Чтение онлайн

на главную - закладки

Жанры

Макс Вебер: жизнь на рубеже эпох
Шрифт:

Судя по тому, как часто в эти годы Вебер обращается к студенческой интеллектуальной молодежи, ему важно было не просто охладить их страсть к политическим фантазиям. В напряженной ситуации послевоенного периода он пытался передать присущее его поколению чувство реальности, причем передать таким образом, чтобы оно не на ходилось изначально в противоречии с политическими страстями, которые Вебер ценил за их способность выводить человека за рамки мещанской рутины. Сам он получал от них настоящее удовольствие: в письмах тех лет неоднократно встречается мотив наверстывания упущенного в молодости. Так что со своими молодыми слушателями он хочет поделиться чем–то большим, нежели просто взрослым, рассудительным, неэгоистичным и серьезным взглядом на вещи.

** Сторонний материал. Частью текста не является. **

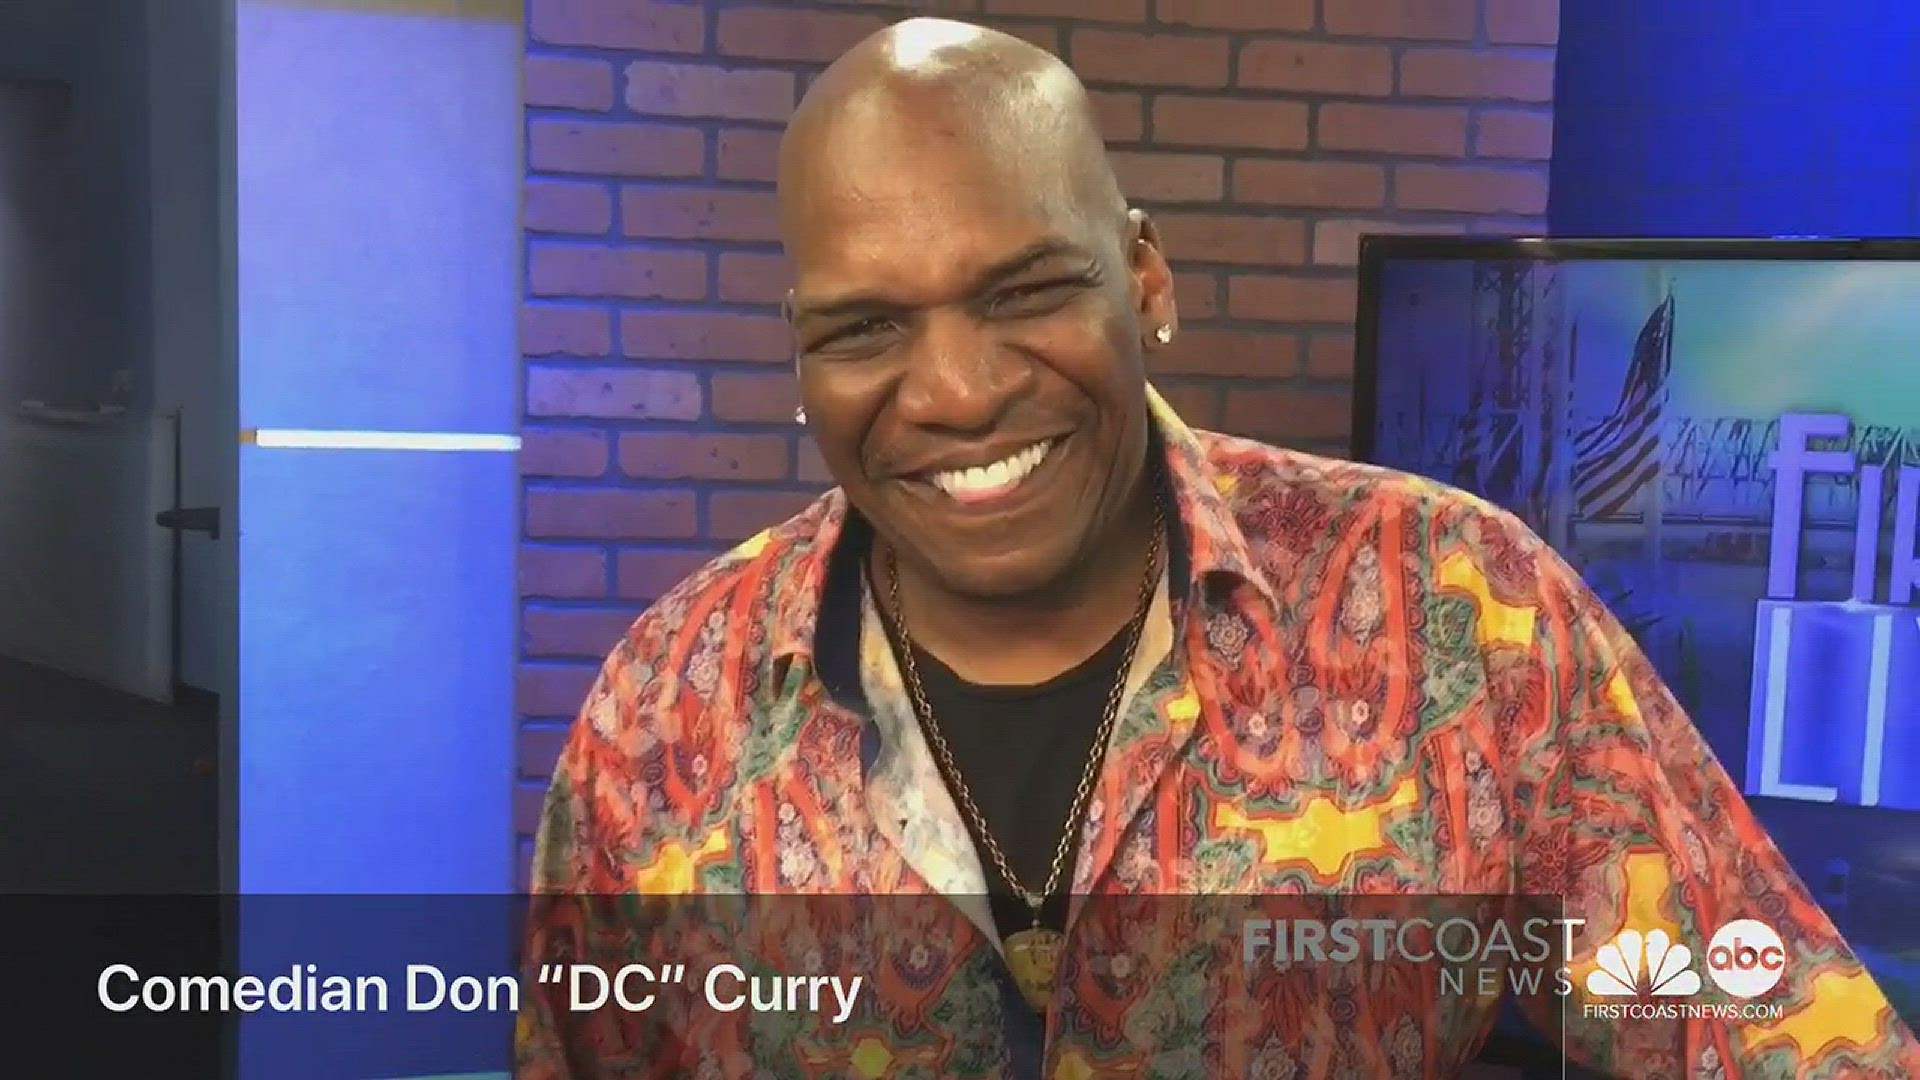 Comedian Don "DC" Curry was a guest on First Coast Living on Friday. After the show, we asked him who's the funniest person he knows and to share advice with aspiring comics.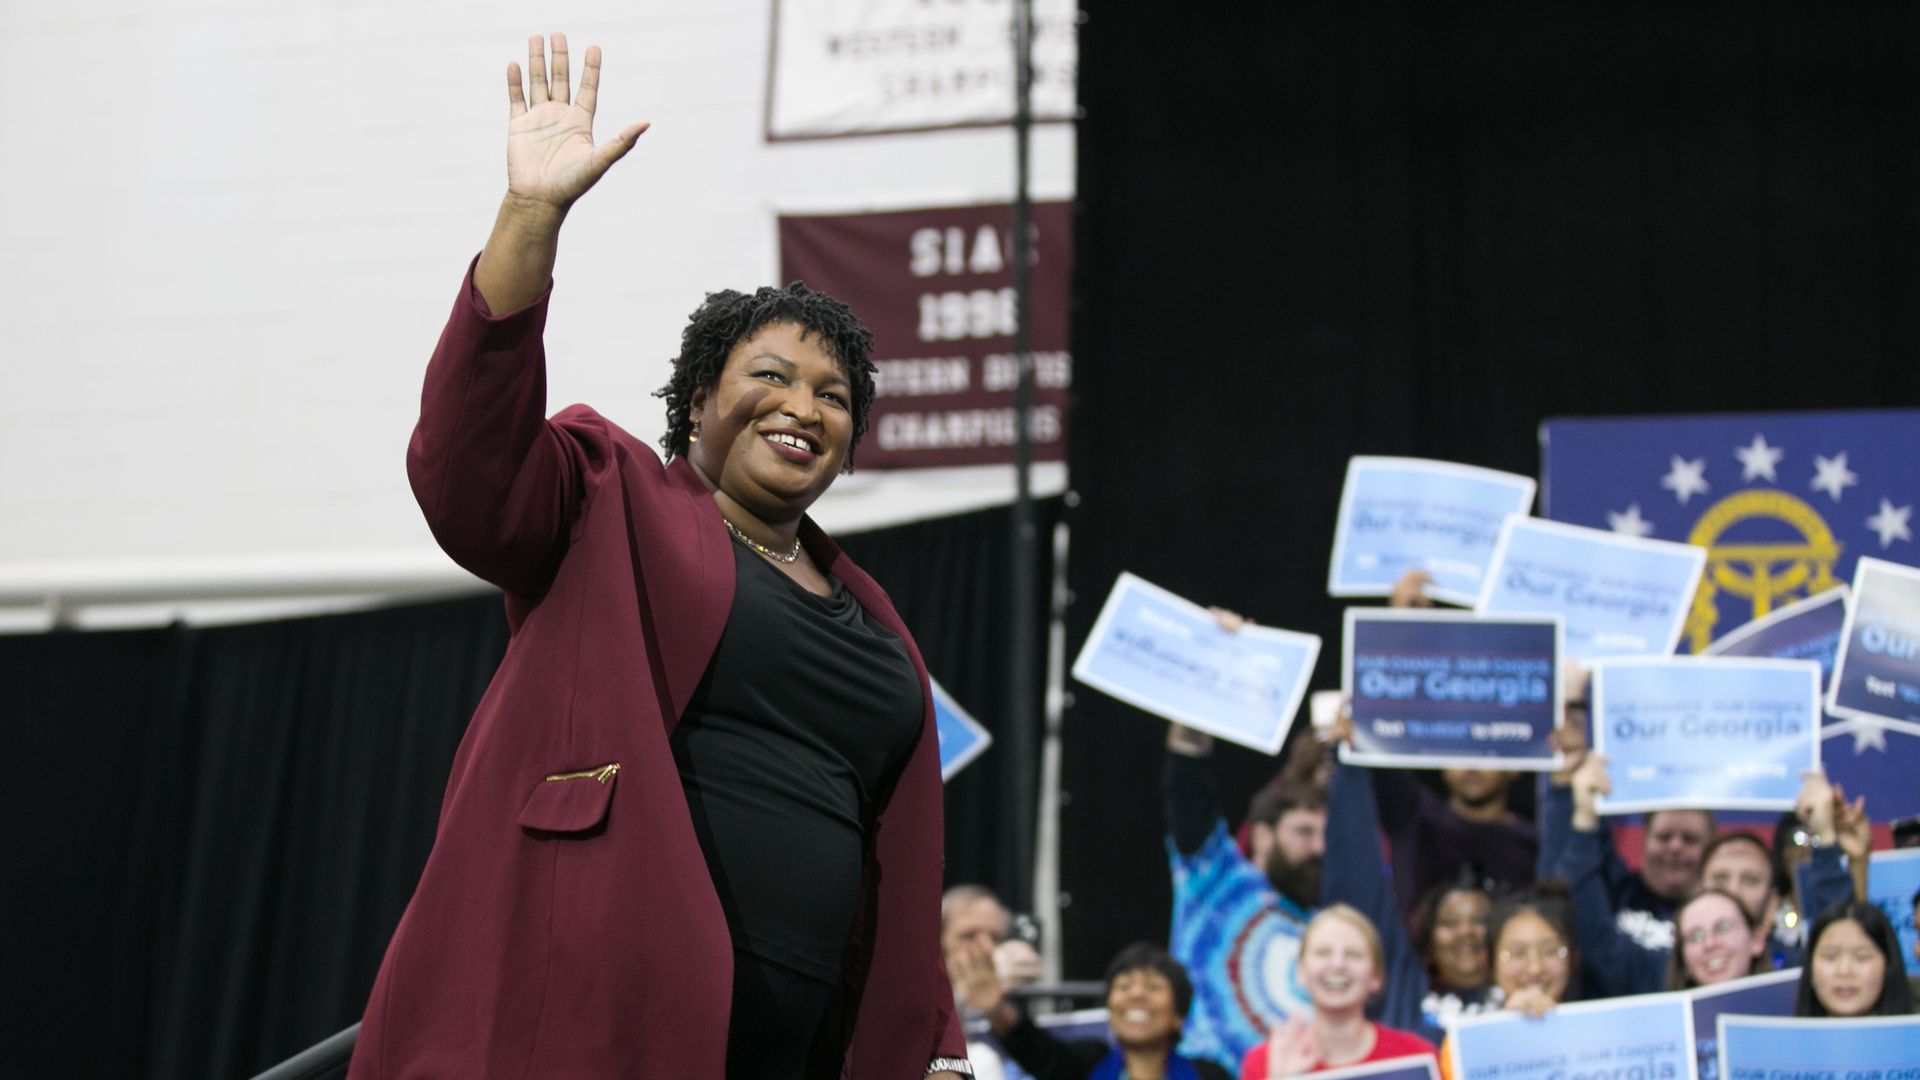 Stacey Abrams waving

Вскоре после второго фестиваля диагнозов эпохи в Лауэнштайне в ноябре 1917 года Макс Вебер читает в Мюнхене один из самых знаменитых своих докладов на тему «Наука как профессия». Выступить с этим докладом его попросили «вольные» студенты, не принадлежавшие ни к одной из студенческих корпораций. Проблематика организованной

ими серии докладов «Интеллектуальный труд как профессия» была связана с жалобами самих студентов на то, что ни одно объединение в рамках движения молодежи — начиная с последователей Георге, включая юношеский туристический союз «Вандерфогель»[654], и заканчивая реформаторской педагогикой — до сих пор не ставило вопрос о профессиональной деятельности как самоцели, об этом «молохе», об этом губительном «чудовище, засевшем в самом сердце нашего мира и тянущем свои ненасытные щупальца ко всему, что дышит молодостью». Это же в точности тот же самый образ, что в 1910 году Альфред Вебер выбрал для описания чиновничества, а в 1912-м — для описания капиталистического профессионального труда! Он тоже говорил о «чудовищном аппарате, засасывающем людей» и прежде всего — и в этом заключалась его главная идея — элиту, которая, в отличие от рабочего класса, не восстанавливала нарушенное равновесие в отпущенное ей свободное время, а имела склонность к сверхидентификации с профессиональной жизнью. Поэтому неудивительно, что Александр Шваб, автор статьи «Профессия и молодежь» в экспрессионистском журнале «Белые листы», ссылается на Альфреда и Макса Веберов как на «единственных авторов нашей эпохи», «которые смогли сказать что–то важное о профессии так, что их услышали»[655].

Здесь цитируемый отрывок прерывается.